Oracle Corporation (Public, NASDAQ: ORCL) reports after the close today and Wall Street has high expectations for the company going into the earnings call. Which means, if they blow it, look out, and if they beat the street, it's on like Donkey Kong.
With shares trading in the mid range of their 52-week run, it's all on the line. Analysts on average expect Oracle (ORCL) to post earnings excluding special items of 30 cents a share for its fiscal third quarter ended in February, and $ 5.4 billion in revenue, according to FactSet Research.
That compares with earnings excluding special items of 25 cents a share and $ 4.41 billion in revenue in the same period a year earlier.
Oracle's most recent purchase was of BEA Systems Inc. (BEAS), a maker of so- called "middleware" used to connect disparate networks and programs. Oracle agreed to pay $8.5 billion for BEA in January, and the deal is expected to close later this year.
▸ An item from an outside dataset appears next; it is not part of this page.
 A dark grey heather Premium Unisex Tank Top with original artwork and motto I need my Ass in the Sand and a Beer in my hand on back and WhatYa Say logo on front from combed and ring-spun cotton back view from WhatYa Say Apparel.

The Last 6 months has been a bumpy ride for ORCL shareholders:

Analysts have an average price target north of $25.00. April-expiration Options have too much time value to be of great indication today, but based upon the pullback seen it looks like options traders are braced for a move of more than $1.20 in either direction.
FBR Research analyst David Hilal wrote in a note to clients Tuesday that he expects Oracle to meet expectations for the quarter, as its "ability to provide the most complete enterprise software stack is emerging as its strongest competitive advantage."
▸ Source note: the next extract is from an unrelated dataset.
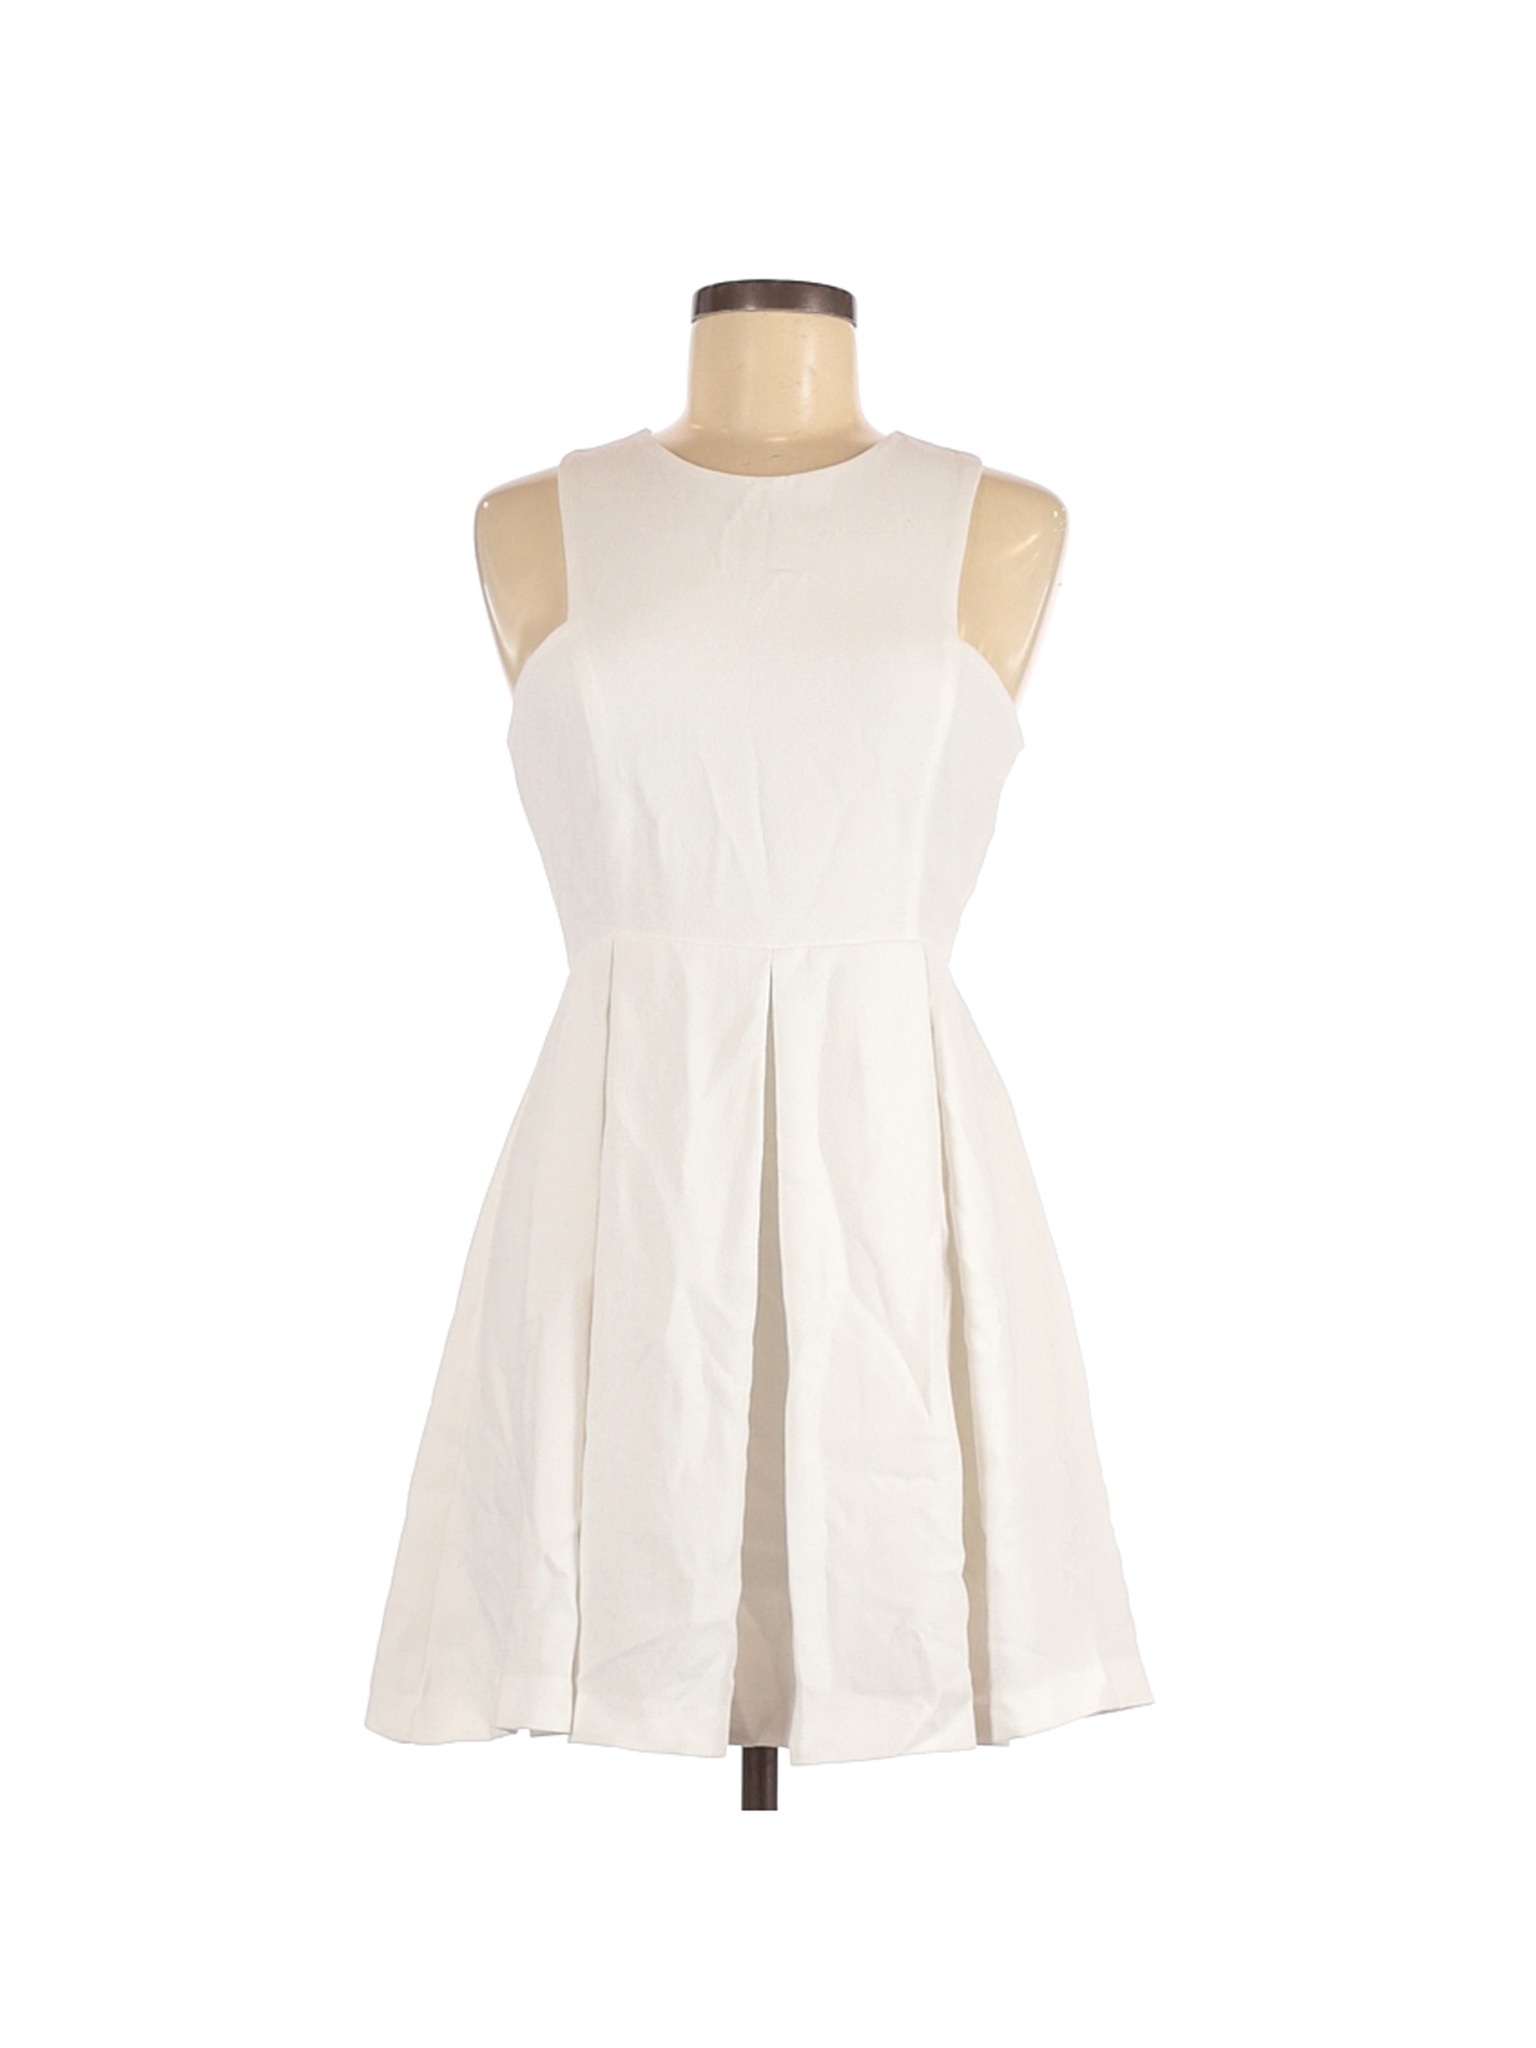 Glad cooperate Danube Lulu's 100% Polyester White Casual Dress Size M - 78% off | thredUP

Still, Hilal noted that Oracle's future outlook is slightly less certain, as " the challenging economic environment will limit upside." Points in Oracle's favor in this regard, Hilal wrote, include that fact that roughly 50% of its revenue comes from outside the U.S.
Avian Securities analyst Jeff Gaggin wrote in a note to clients Tuesday that he expects Oracle's guidance for future results to be "relatively upbeat in light of the economic slowdown in the U.S."
Best of luck to all of you with bets going into the call today.
Disclaimer: The Author does not have any positions in the securities mentioned in this article.